Chief executives of Arm, Micron, and Xilinx gave diverging views on the outlook for Moore’s Law but shared enthusiasm for the future of semiconductors in a panel hosted by the Churchill Club in San Jose.

Moore’s Law has run out of gas, “and that is profound,” said Victor Peng, CEO of Xilinx, pointing to the rising costs of increasing performance and reducing power and area of chips.

“You can get one of the three, it’s hard to get two of three, and I would challenge anyone who says they can get three of the three,” he said. Today’s extreme ultraviolet (EUV) lithography systems only remove the complexity of multi-patterning today’s chips, the 7-5-3-nm names of the latest nodes “are all marketing numbers, and no one has fixed the interconnect problem.”

Arm chief executive Simon Segars generally agreed. “The cost of designing a 5-nm chip will be astronomical,” limiting the node’s use to a few companies who “can amortize it across multiple designs. Because of the constraints of Moore’s Law, you have to work harder — there’s no freebie in optical scaling anymore.”

Sanjay Mehrotra, CEO of Micron, took a more upbeat stance on the outlook for Moore’s Law in the memory sector. He foresees NAND stacks that exceed 200 layers and said that Micron has a roadmap of six DRAM processes ahead using traditional immersion steppers. “We wont use EUV until it is cost-effective in high-volume production.”

Sanjay Mehrotra

Sanjay Mehrotra (Image: EE Times)

The slow decline of Moore’s Law has become a talking point for chip executives since 2013, when Henry Samueli said that Broadcom had been discussing it with its customers. Like others in the industry, Samueli also expressed optimism that engineers will leverage new architectures to drive performance gains.

Over the past year, Intel CTO Mike Mayberry has been giving talks that redefine Moore’s Law as anything that drives chip performance forward, arguing that Moore’s Law is alive and well. Emerging packaging techniques that the company described last week are a major lever that it and rivals including TSMC are using.

In the panel, Peng of Xilinx reiterated the view expressed in the landmark computing text by John Hennessy and Dave Patterson that tomorrow’s advances will come from architectures optimized for specific workloads. “The other trend is [that] you have computing [embedded] near storage and even connectivity will have intelligence in switches and programmability in the data plane.”

Mehrotra of Micron agreed, pointing to the 3D XPoint memory that his company co-developed with Intel. “Other disruptive memories will come along, and over the next several years, compute, memory, and storage [will be merged] on the same chip.”

“Innovation won’t dry up,” said Segars.

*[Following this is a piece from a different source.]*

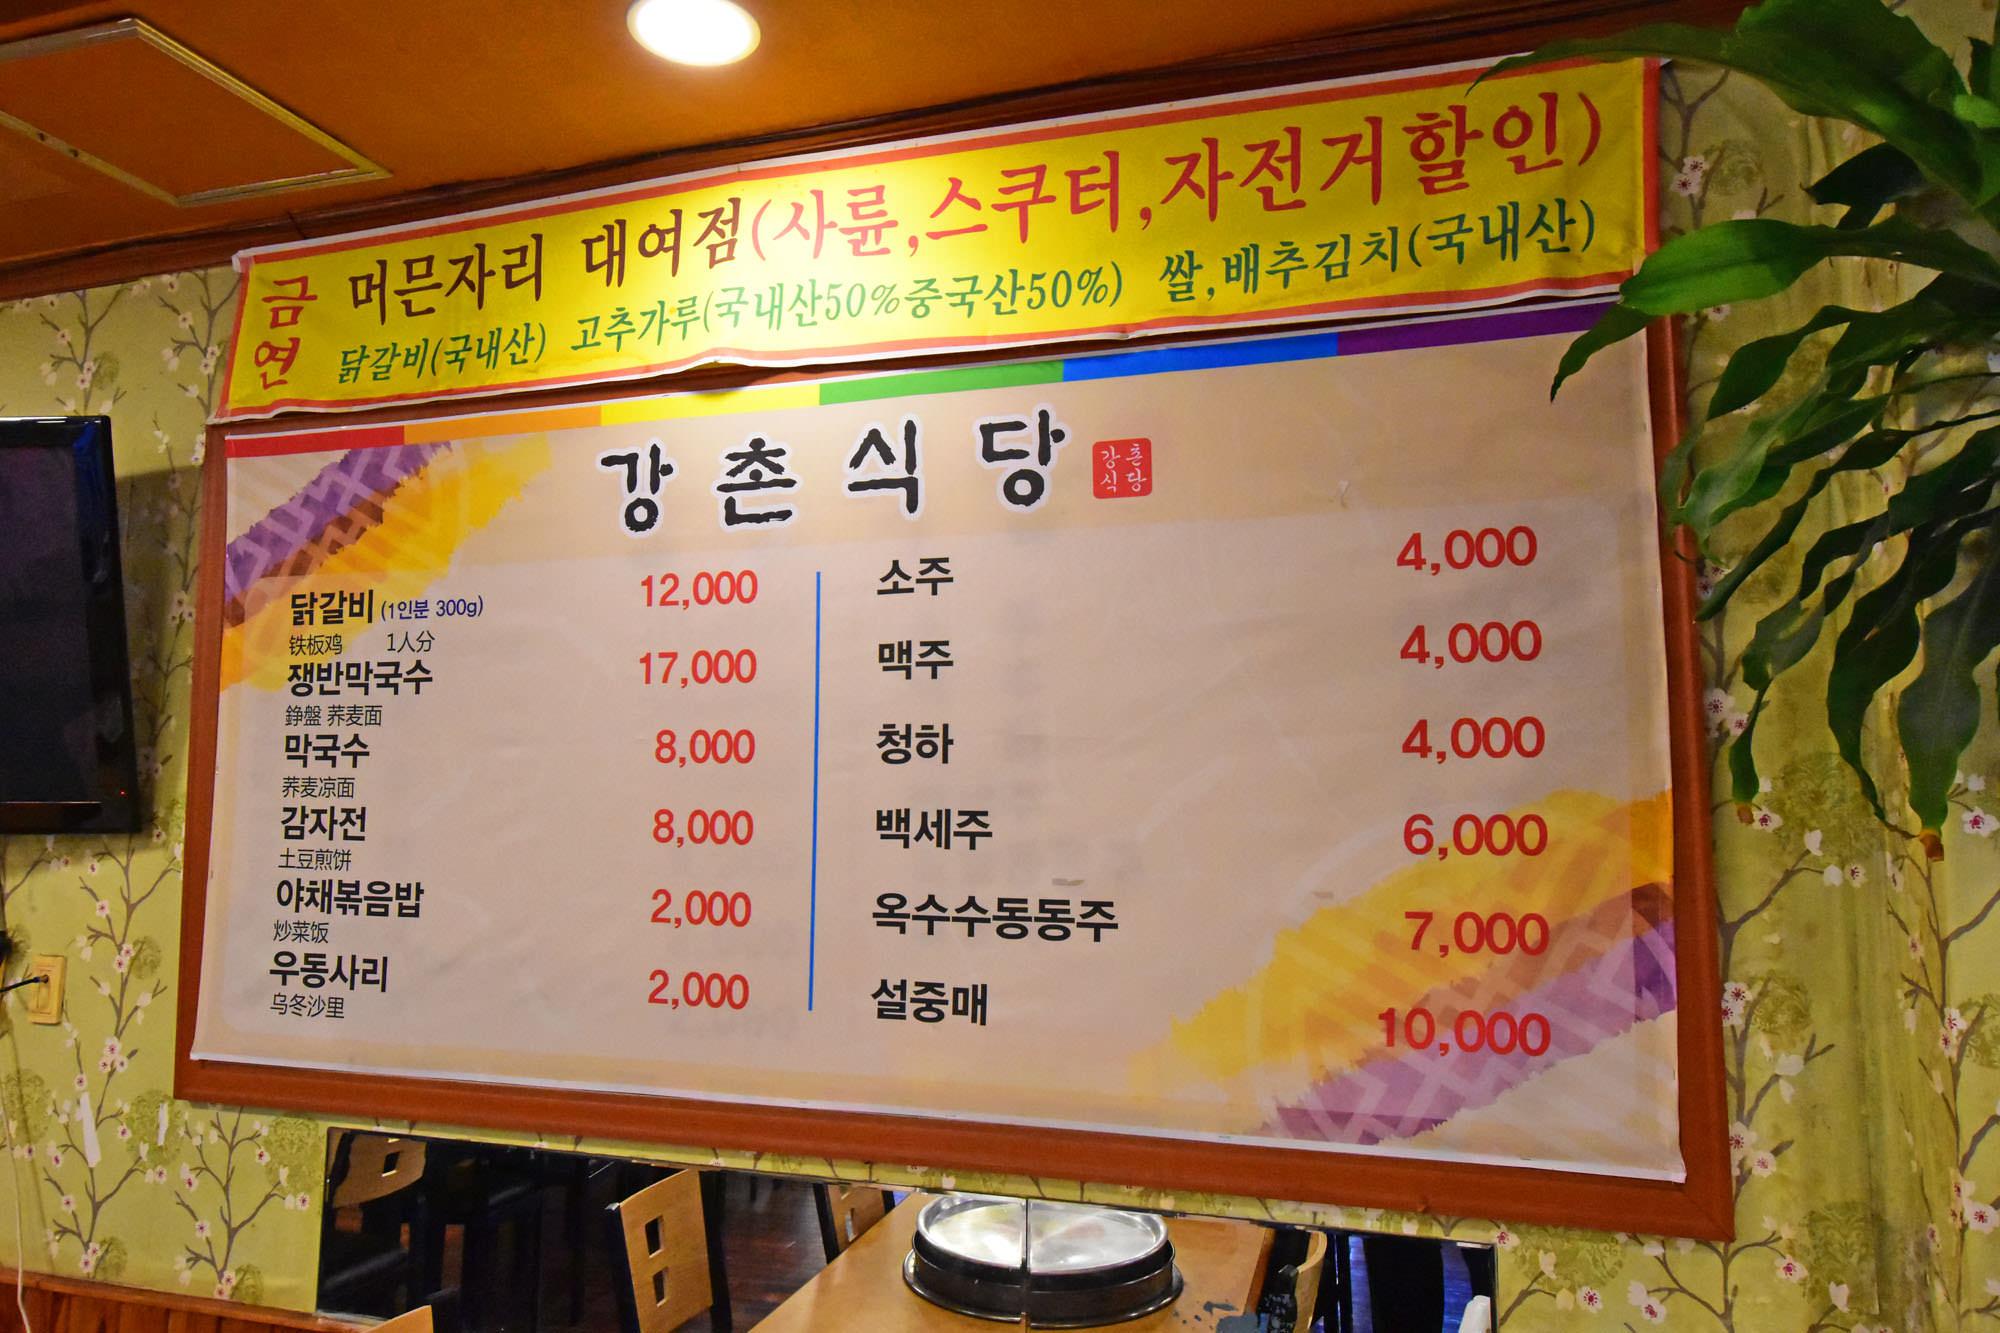 강촌식당 이미지 7

Demands from a confluence of cloud computing, smartphones, IoT, 5G, and AI mean that “we will have to keep innovating at the semiconductor level.”

The rise of deep learning is ushering in a data-centric era in which “the way you develop software for embedded apps will change, extracting patterns in new ways and changing the way we think about solving problems,” said Segars. “It will take time for engineers to think about problems differently, not just writing linear code but using heterogeneous architectures.”